Exceptions to the Rule


(a) Ambiguity
Extrinsic evidence may be admitted to resolve an ambiguity in the contract.

Ambiguity extends not only to patent ambiguity - language that on its face is capable of
more than on possible meaning, or is otherwise made unclear by the other language in the
document (White v Australian and New Zealand Theatres Ltd), but also latent ambiguity
– where an apparently clear meaning is shown to be ambiguous when extrinsic facts are
taken into account (Hope v RCA Photophone of Australia Pty Ltd).

(b) Identification of subject matter


Extrinsic evidence is admissible to resolve ambiguity about the subject matter of the
contract. This is usually as a result of latent ambiguity. Thus the doubt created by
extrinsic knowledge is resolved by extrinsic evidence.

(c) Identification of the parties


Extrinsic evidence is admissible where there is ambiguity concerning the identity of the
parties to the agreement, or concerning their relationship or the capacity in which they
have entered into the contract.

(d) Identification of real consideration


Extrinsic evidence is admissible to prove the real consideration under a contract where:
 No consideration or nominal consideration is expressed in the instrument;
 The expressed consideration is in general terms or ambiguously stated; or
 A substantial consideration is stated but an additional consideration exists,
provided the additional consideration proved is not consistent with the instrument.

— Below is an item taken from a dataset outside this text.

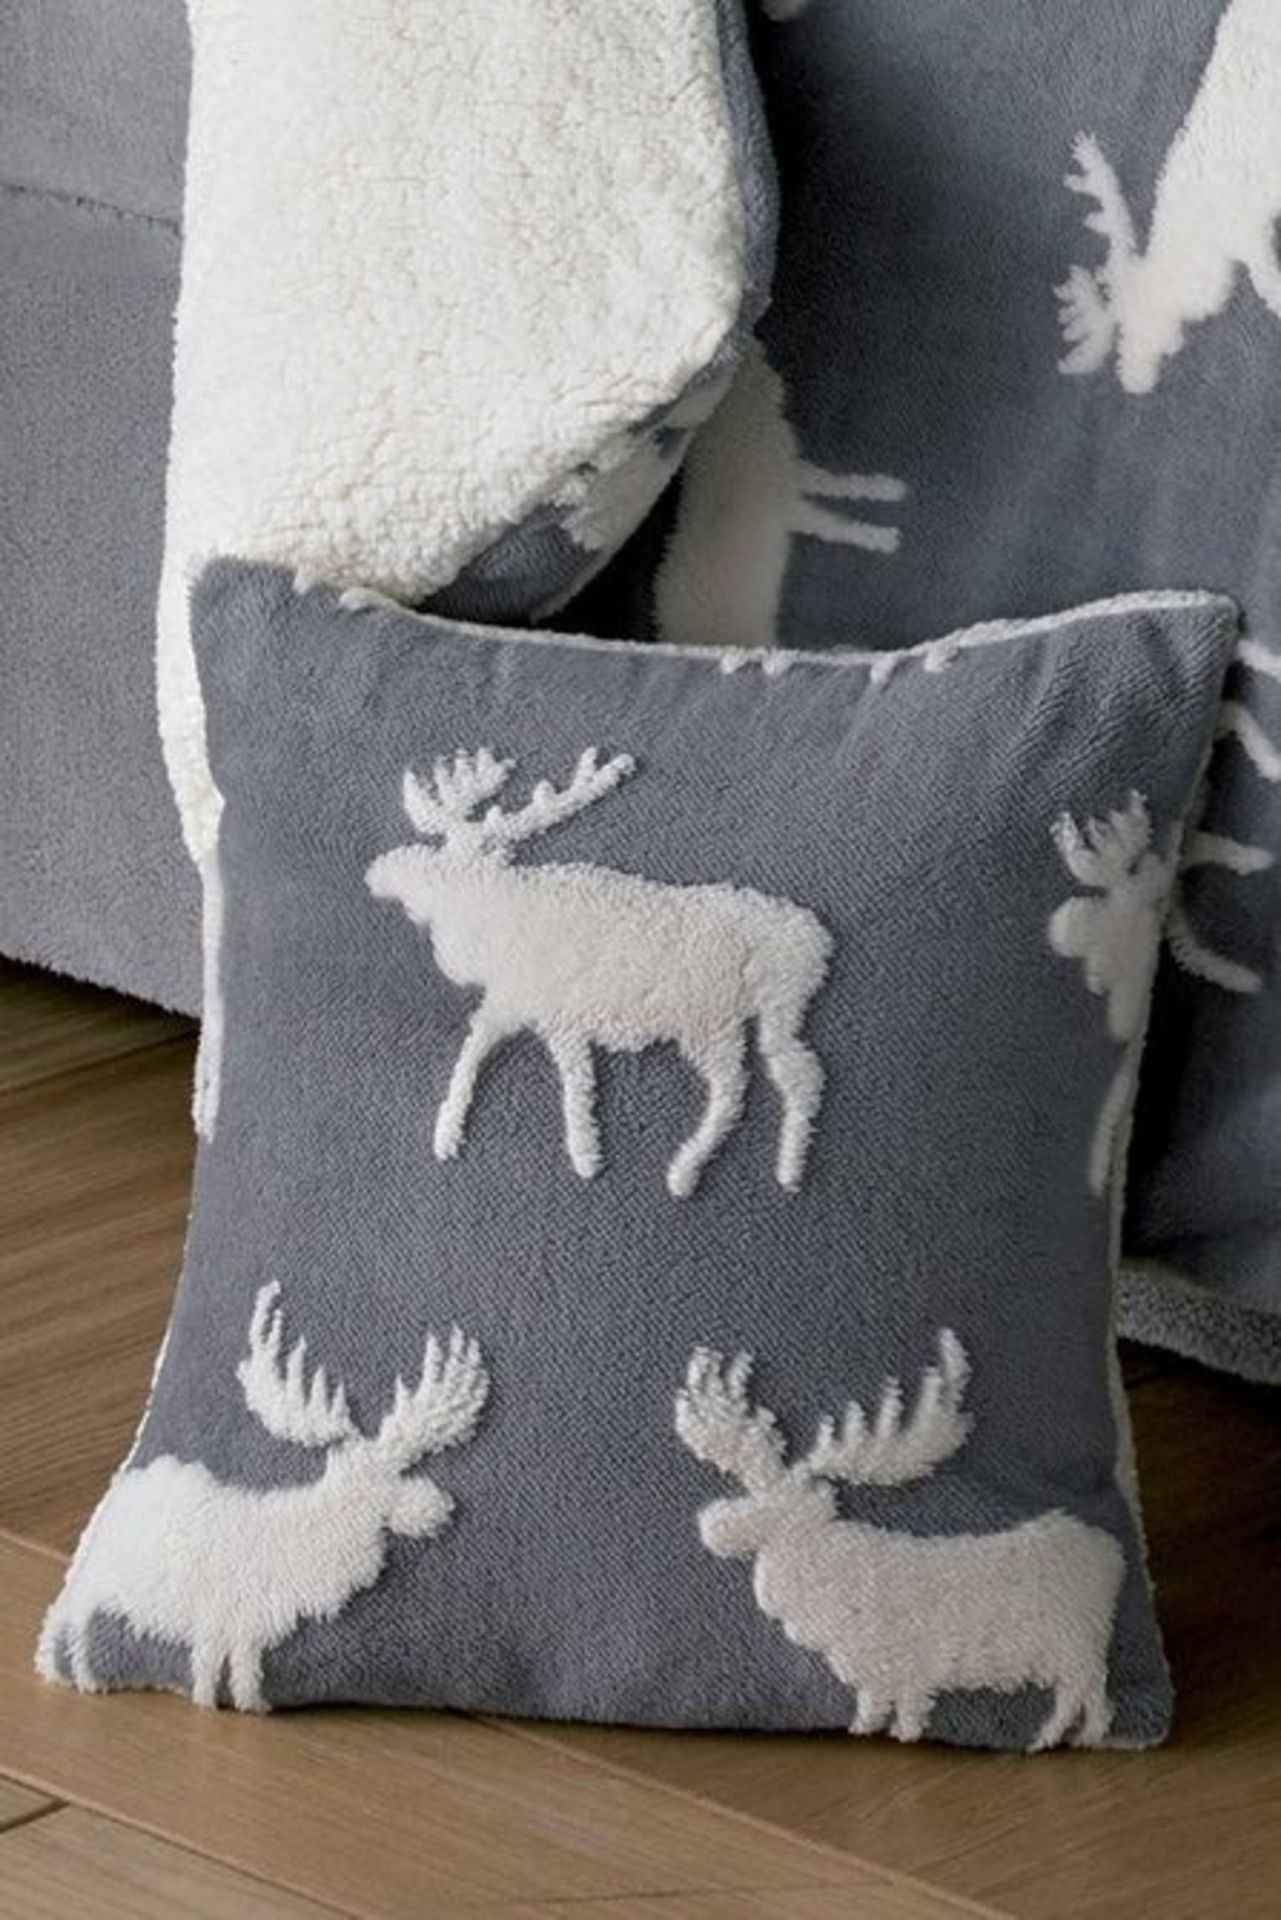 1 BAGGED WARM AND COSY TEDDY 3D STAG CUSHION COVER IN GREY (PUBLIC VIEWING AVAILABLE)

Where the additional consideration is of a different kind, it will not be inconsistent unless
perhaps the written instrument says that the stated consideration is the only consideration.
Where a substantial consideration is stated, and the additional consideration is the same
kind, for example the stated consideration is $100 000 and the true consideration is
claimed to be $150 000, the argument for inconsistency is stronger.

(e) Custom or usage


Where the language used in the instrument has a particular meaning, for example, by
custom or usage in a particular trade, industry or region, evidence of that meaning is
admissible, even if there is no patent ambiguity.

(f) Rectification
Extrinsic evidence may be admitted to show that the parties intention was not accurately
recorded in the written instrument. In appropriate circumstances, the document may be
rectified so that it accords with the parties actual agreement.

Inadmissible Evidence
Regardless of surrounding circumstances, certain evidence is remains inadmissible.

(a) Subjective intention


Evidence of the actual, subjective intentions of the parties is not admissible. Intention is
ascertained objectively - a court cannot receive evidence from a party regarding his or her
intentions and construe the contract by reference to those intentions (Life Insurance Co of
Australia v Phillips)

(b) Prior Negotiations


Evidence of negotiations that precede the written document is generally not admitted
because the evidence is unhelpful (Prenn v Simonds). The nature of negotiation is that
even if the parties intentions are convergent, they are still not the same and only the final
document will properly reflect a consensus of the parties.

(c) Subsequent conduct


Evidence of subsequent conduct cannot be referred to for the purpose of interpreting the
contract (Administration of Papua & New Guinea v Daera Guba) as parties may tailor
their post contract behavior according to the case they believe they later have to present
in court; they may seek to advance their understanding of the agreement simply to
persuade the other party to accept their construction; they expansion in the field of
inquiry would add to the burden of fact finding and consequently the length and cost of
litigation; and subsequent conduct may be based on an erroneous understanding of the
parties rights (Hide & Skin Tradig v Oceanic Meat Traders).